In this presentation, I will illustrate how a small Region in terms of size, at the very east of France but very central in Europe, Alsace, has become a major centre for innovation in both academic research and industry. Chemistry as a science and as an industry and physics have occupied a central role. A number of industrial and academic dynasties have emerged in the 19th century and some are still represented today at the best level. Although this suggests that “family traditions” have played a major role in fostering excellence, this is however not inconsistent with the emergence of great talents from any type of background.
Professor Koenraad Debackere
Académie Royale de Belgique, Belgium
“Research and the Industry of the Future”
The link between R&D and industrial activity has long been subject to extensive debate. Insights developed by scientific research have been at the origins of novel products, processes and services. With hindsight, this link has led to systematic economic progress, better jobs and more welfare. This insight, though, has not been able to alleviate fears of the disruptive power of science on industry, potentially “oversetting whole multitudes of workmen” as already written by Thomas Carlyle in 1839. Today is not different. Rapid and massive digitization, advanced robotics and artificial intelligence, regenerative medicine and the engineering of life are just a few areas where science is both creating and destroying industrial texture. This eternal gale of creative destruction and renewal is not new. Econometric evidence shows intimate and complex links between research, industry growth and job creation and destruction. New industries emerge, old industries are transformed, jobs are redefined rather than “merely” destroyed, education systems have to adapt and social security systems are rethought. In sum, the impact of research on industry has important societal consequences that in turn reshape industry. Studies of the past that underpin the development of scenarios on the future of industries show that science and technology have in general been beneficial to industry dynamics and their outcomes. This link therefore deserves ample attention from various perspectives, engineering as well as social science related. It will be at the heart of this presentation.
Professor Torsten Wilholt
Leibniz Universität, Hannover, Germany
“Why and in what sense ought scientific research to be free?”

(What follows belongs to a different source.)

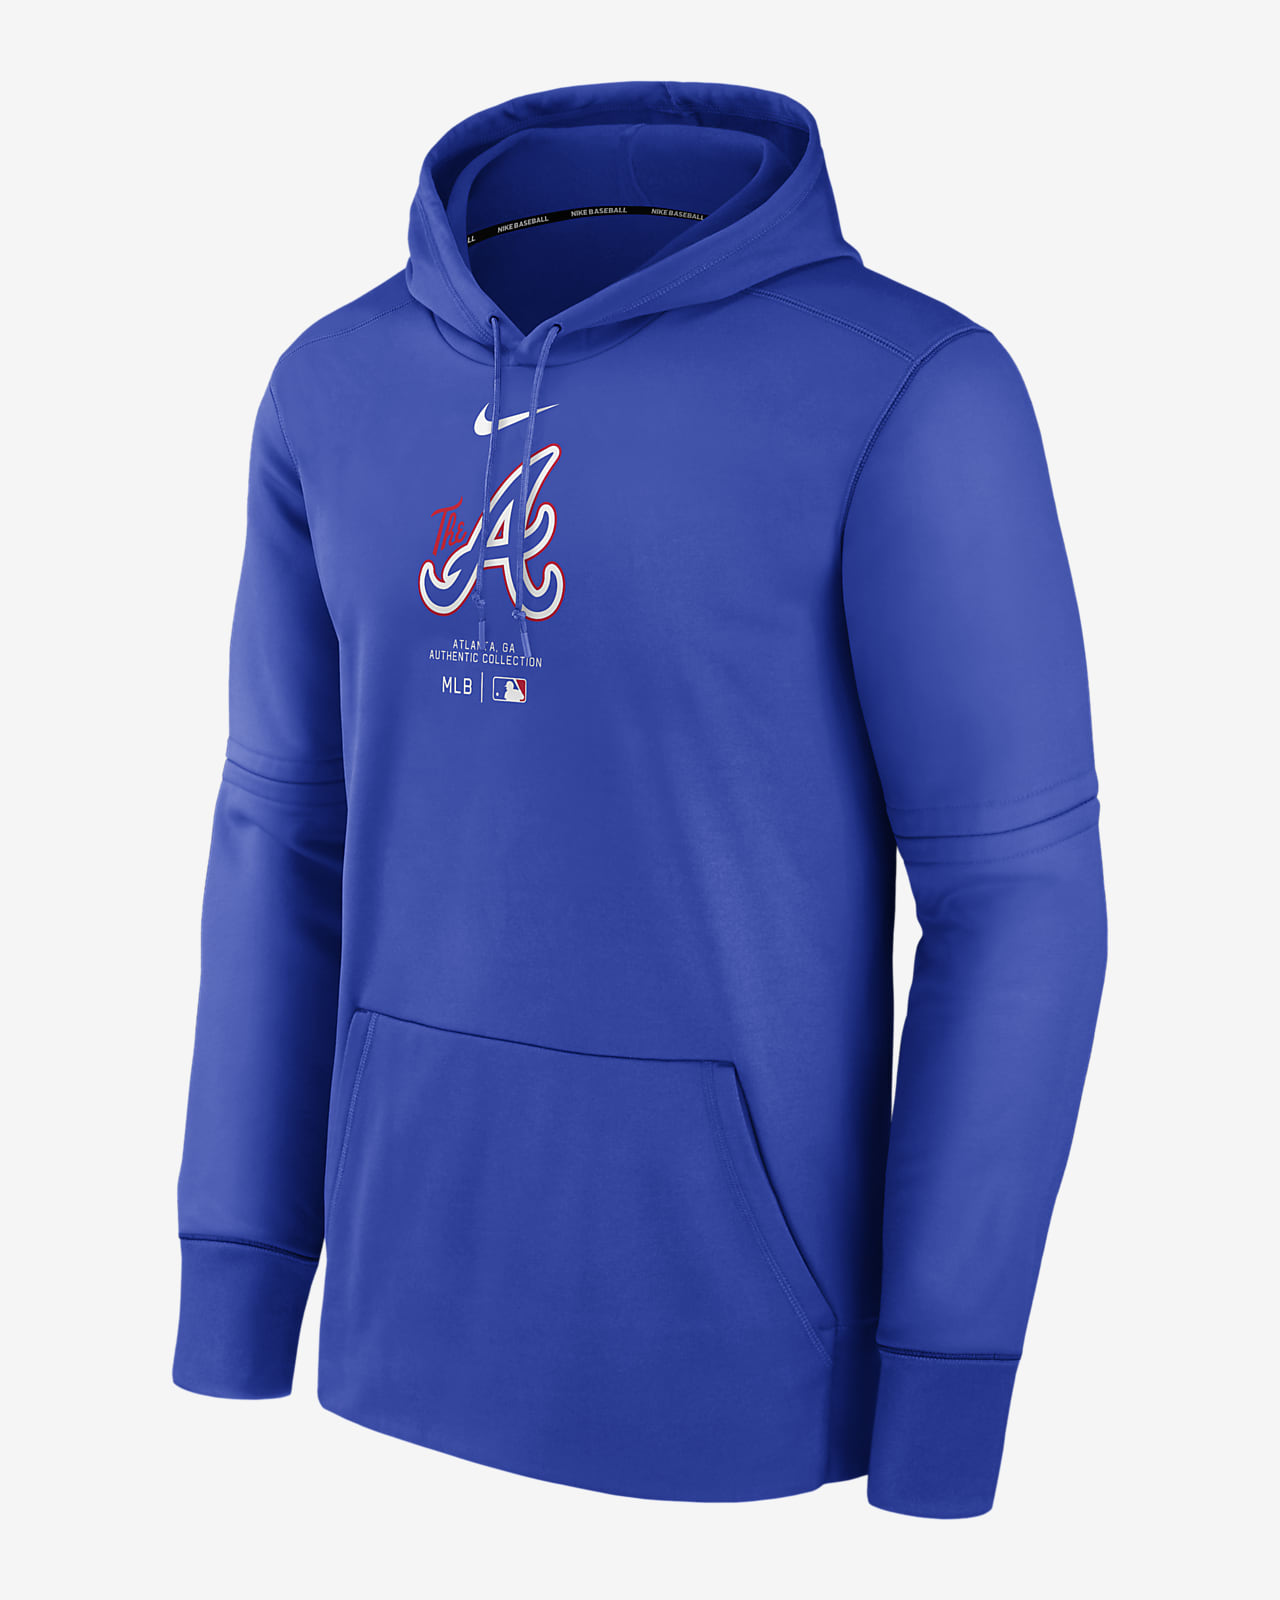 https://static.nike.com/a/images/t_PDP_1280_v1/f_auto,q_auto:eco/6fd360f4-fb88-4dc5-8723-a22abb77aa5b/atlanta-braves-city-connect-practice-mens-therma-pullover-hoodie-BCcpqS.png
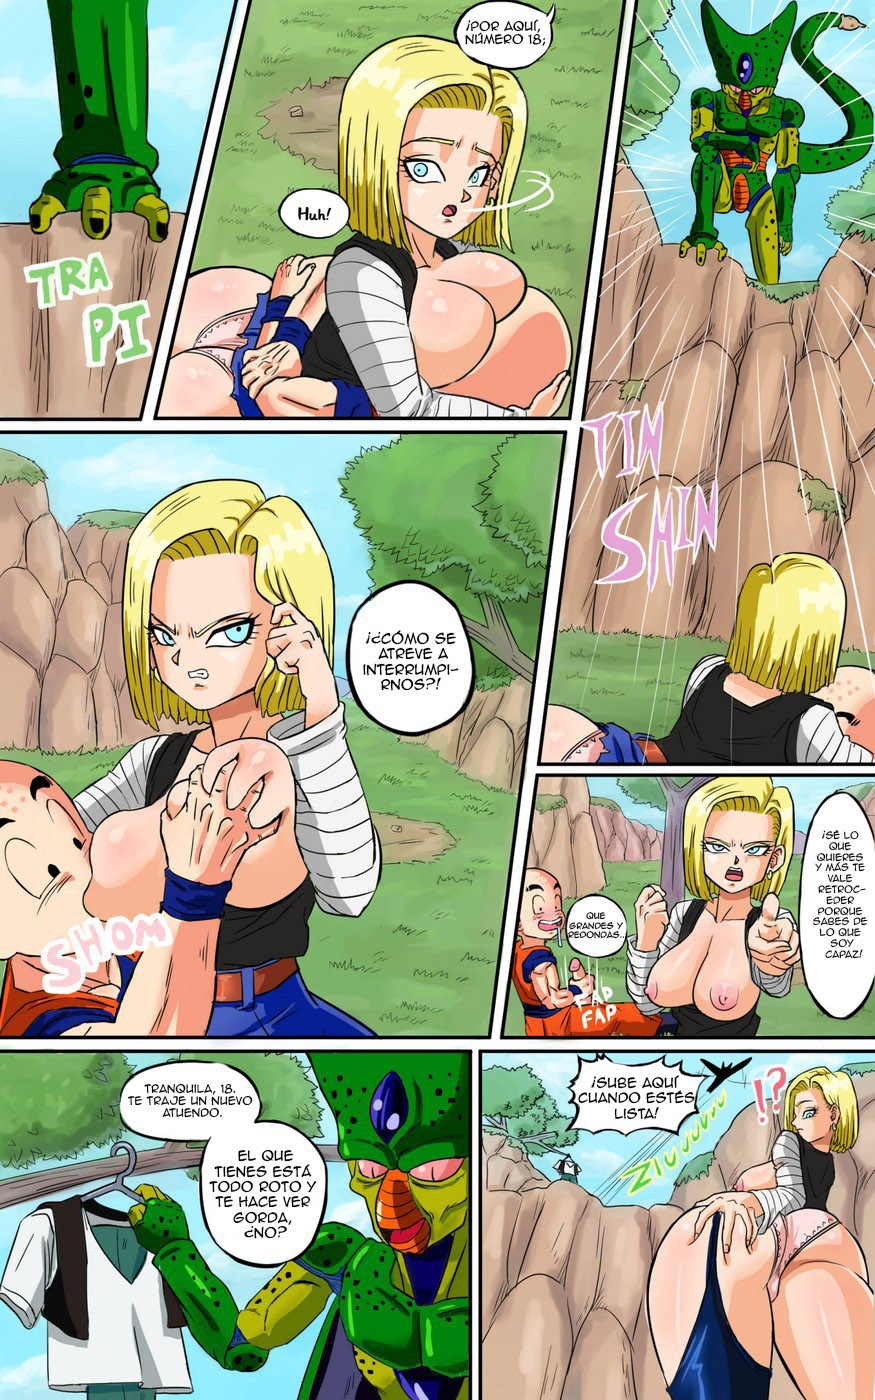 ANDROID 18 meets Krillin

The freedom of science is on everyone’s lips, but its concrete implications are often controversial. A closer look at these controversies quickly leads to deeper questions about the nature of the freedom of science itself: What are the values that are supposed to be protected by a special guarantee of freedom for scientific research? And what kind of freedoms must be granted, and to what extent exactly, so that these values can be effectively protected and brought to bear? If the appeal to the freedom of science is to make a constructive contribution to debates about science, then we need to regain a common understanding of the reasons why this freedom has a prominent normative function. In this talk I want to discuss three important justifications of the freedom of science. The first, which I call the argument from autonomy, is based on the thesis that humans must be free to investigate the world, because it is one of the basic prerequisites of self-determined life to be able to freely gain knowledge. The second, epistemological argument for freedom of science states that to allow individual scientists the widest possible freedom is the most efficient way to ensure that the sciences give us as much as possible of the kind of knowledge that we as a community are hoping to get for from them. Finally a political argument needs to be discussed, according to which the purpose of freedom of science is to guarantee the political independence of the sciences. When citizens form their political preferences, they need to have access to scientific knowledge that is unburdened by political bias.